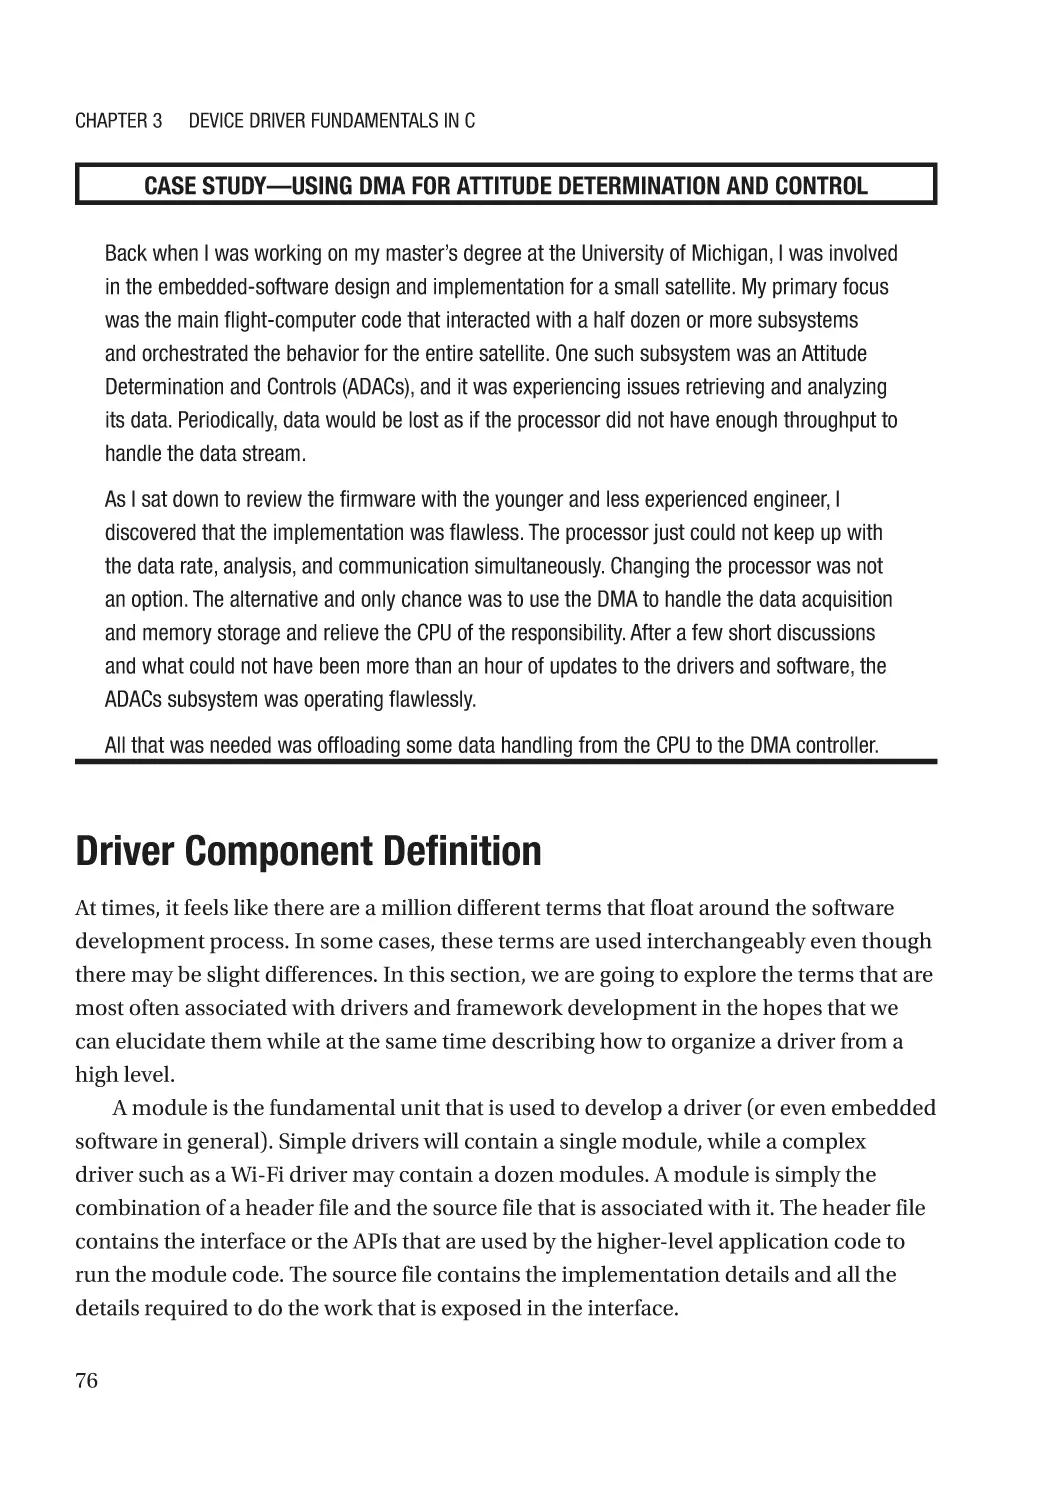 Driver Component Definition
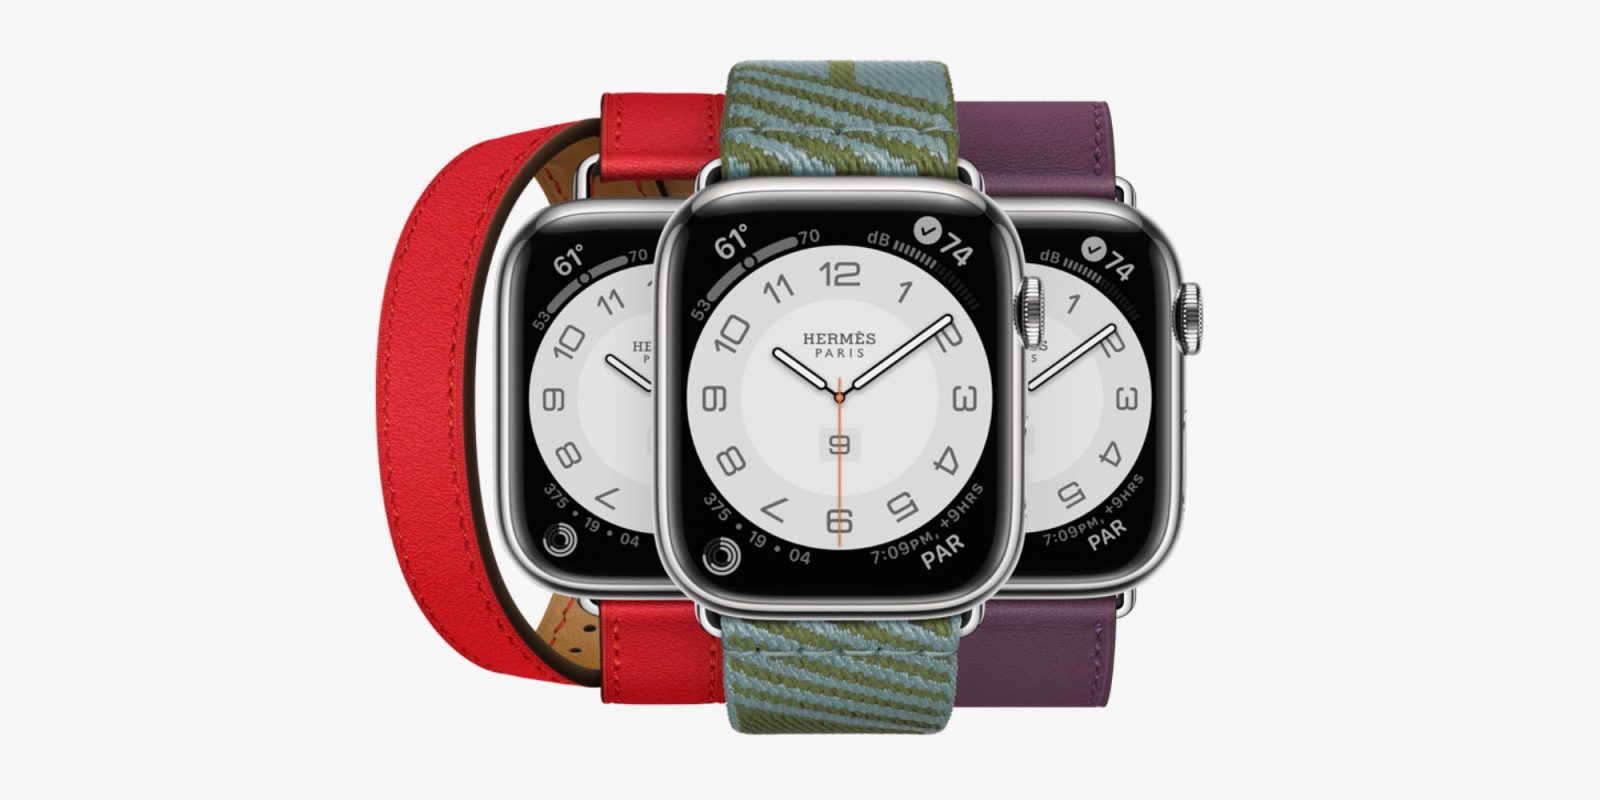 Apple-Watch-Hermes-Pro-9to5mac
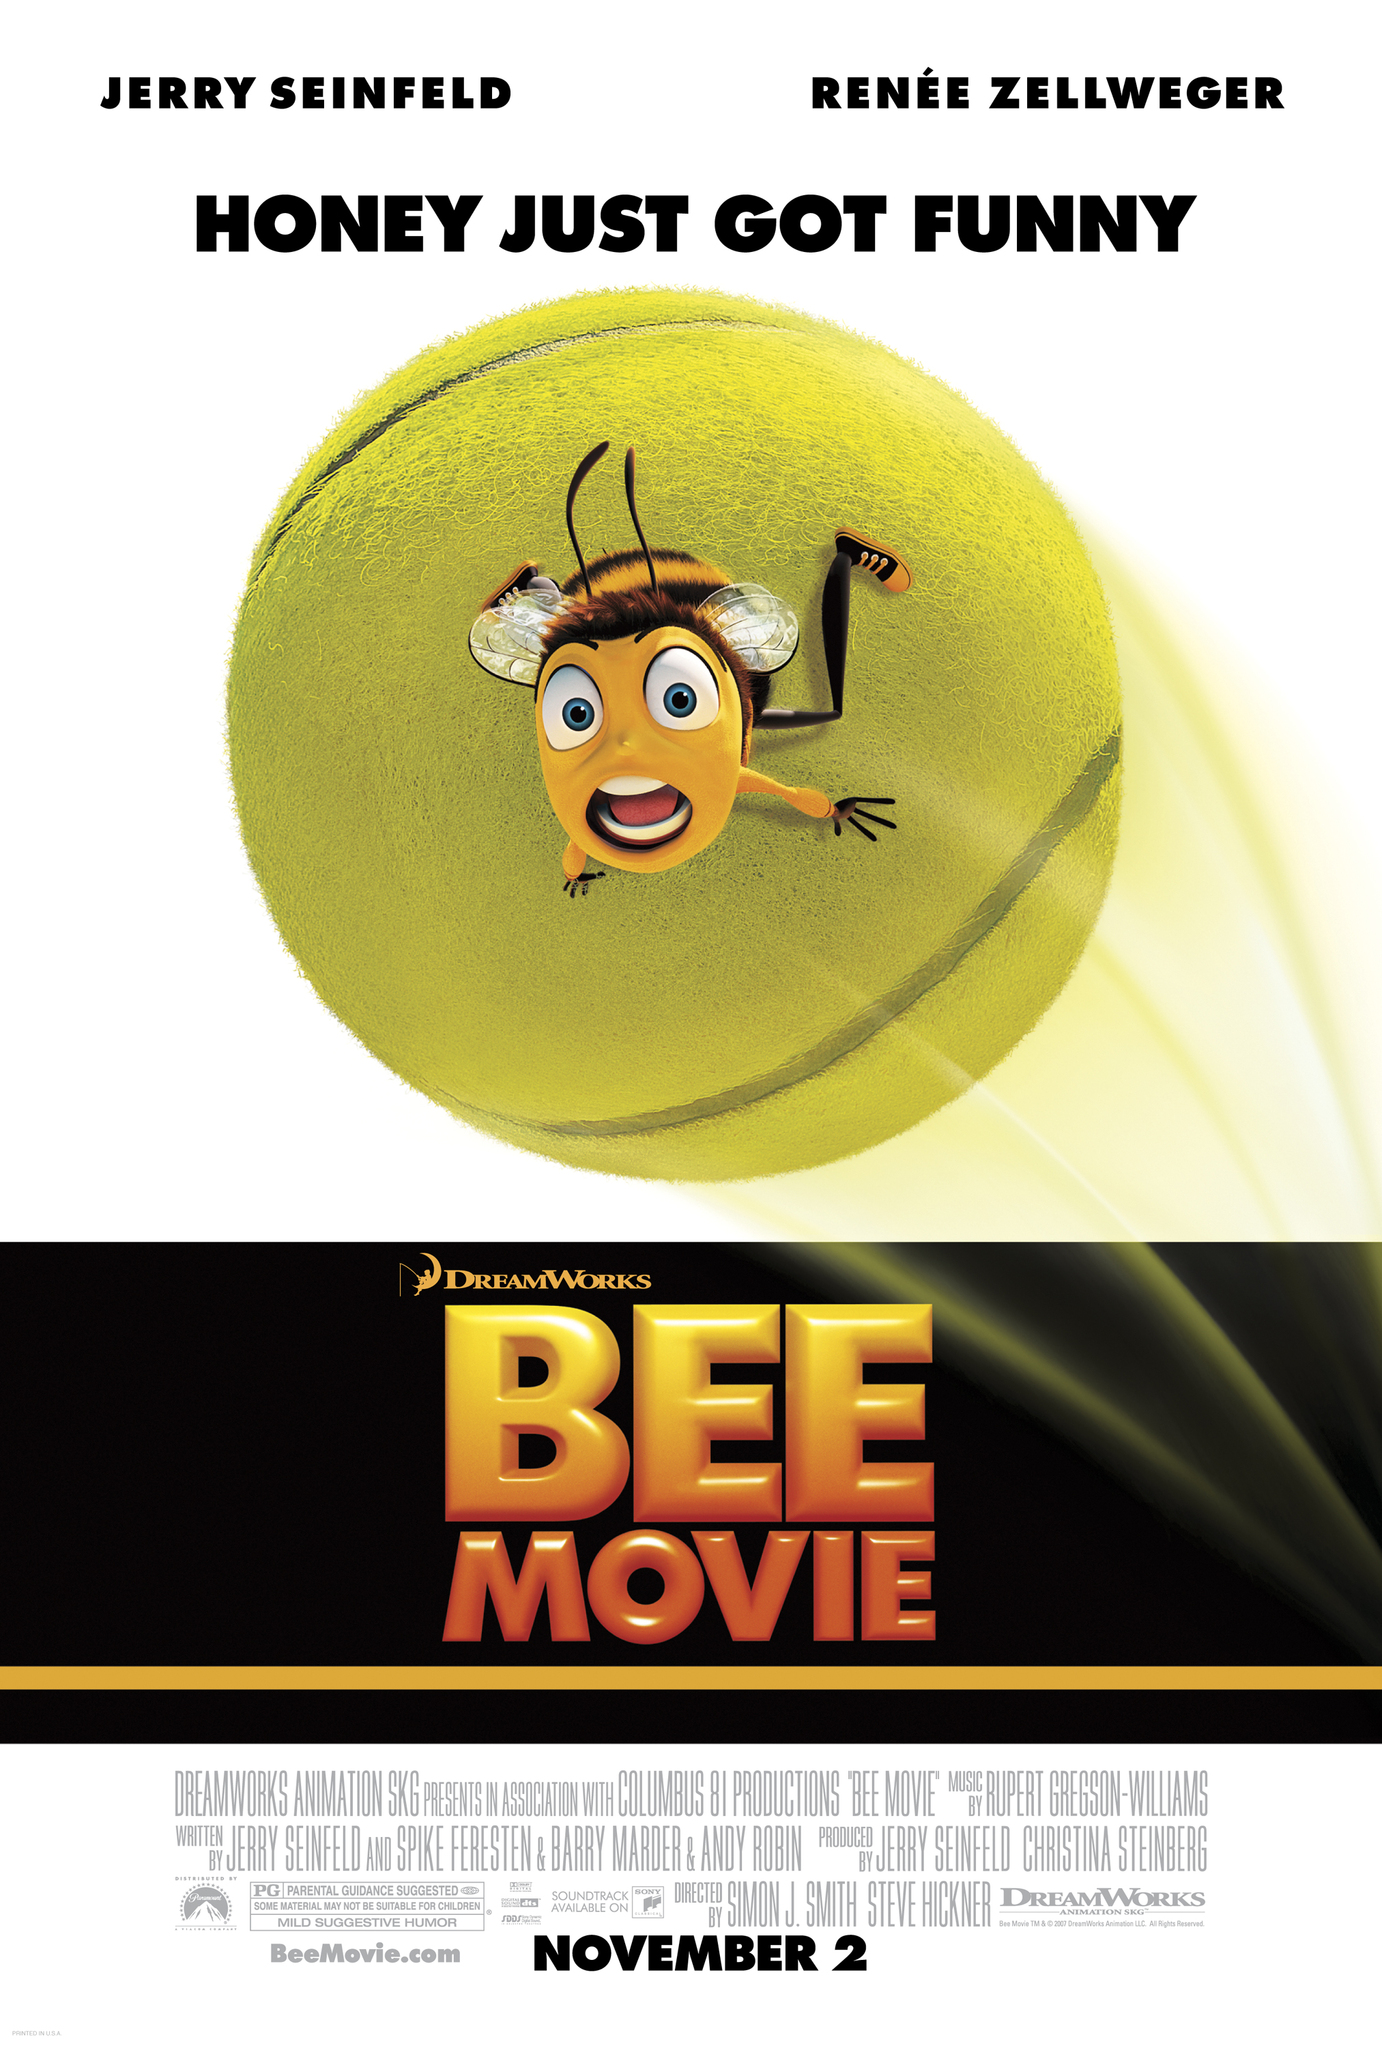 Bee Movie (2007) ผึ้งน้อยหัวใจบิ๊ก Jerry Seinfeld
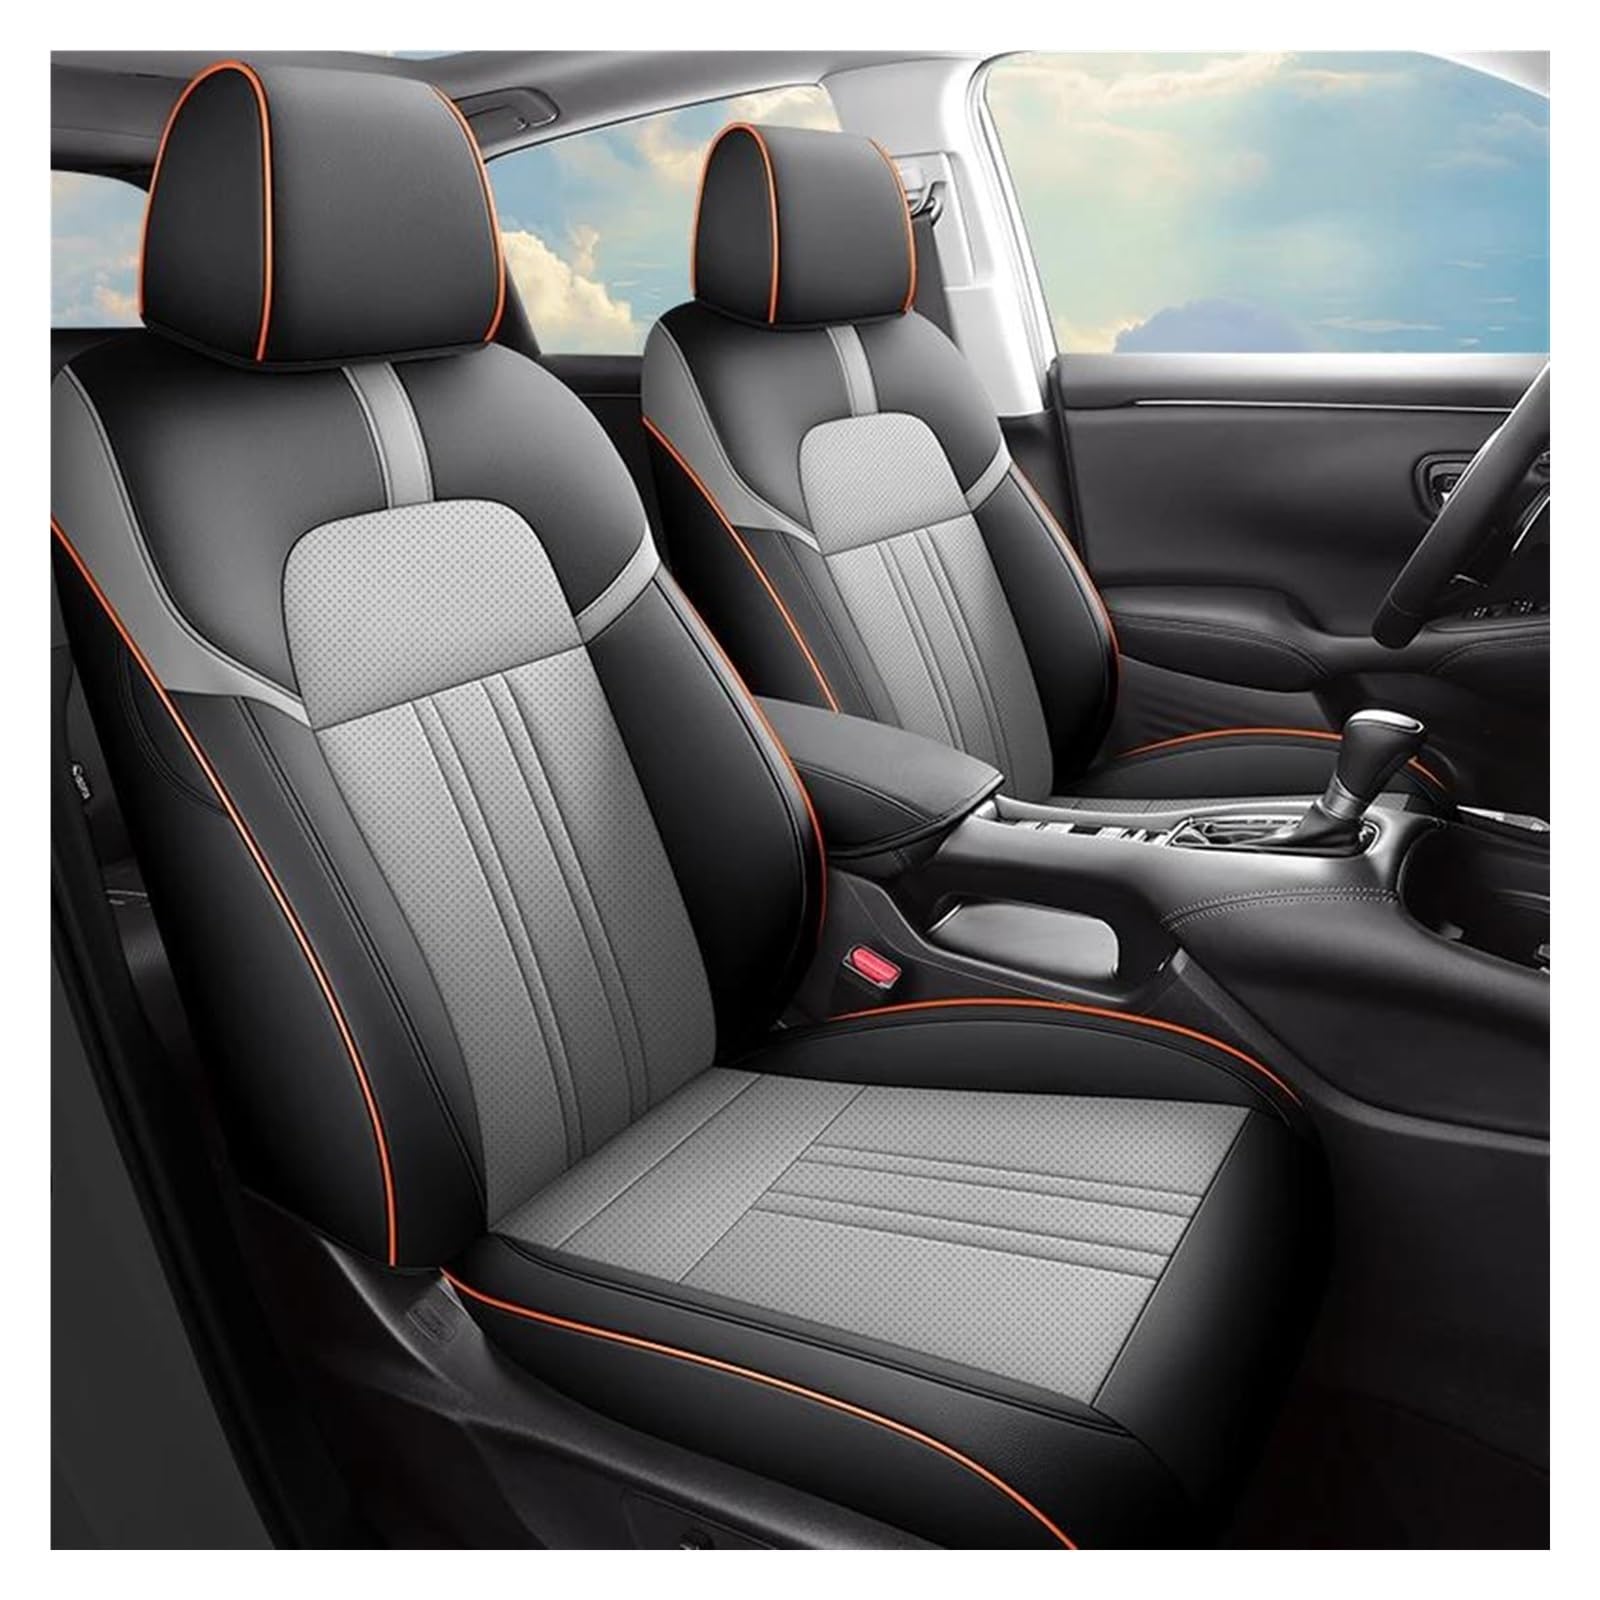 FOGJCMET Auto-Sitzbezüge Für HRV 2014 2015 2017 2019 Custom Full Set Leder Autositzbezüge Innenzubehör Autositzschoner(Black gray,Standard Edition) von FOGJCMET
━━━━
* WORK INSTRUCTIONS: Copy out the full material exactly. Pictures should not appear in it.

* WRITTEN REPLY:
 Driver Component Definition
 Apple-Watch-Hermes-Pro-9to5mac
 Bee Movie (2007) ผึ้งน้อยหัวใจบิ๊ก Jerry Seinfeld
 FOGJCMET Auto-Sitzbezüge Für HRV 2014 2015 2017 2019 Custom Full Set Leder Autositzbezüge Innenzubehör Autositzschoner(Black gray,Standard Edition) von FOGJCMET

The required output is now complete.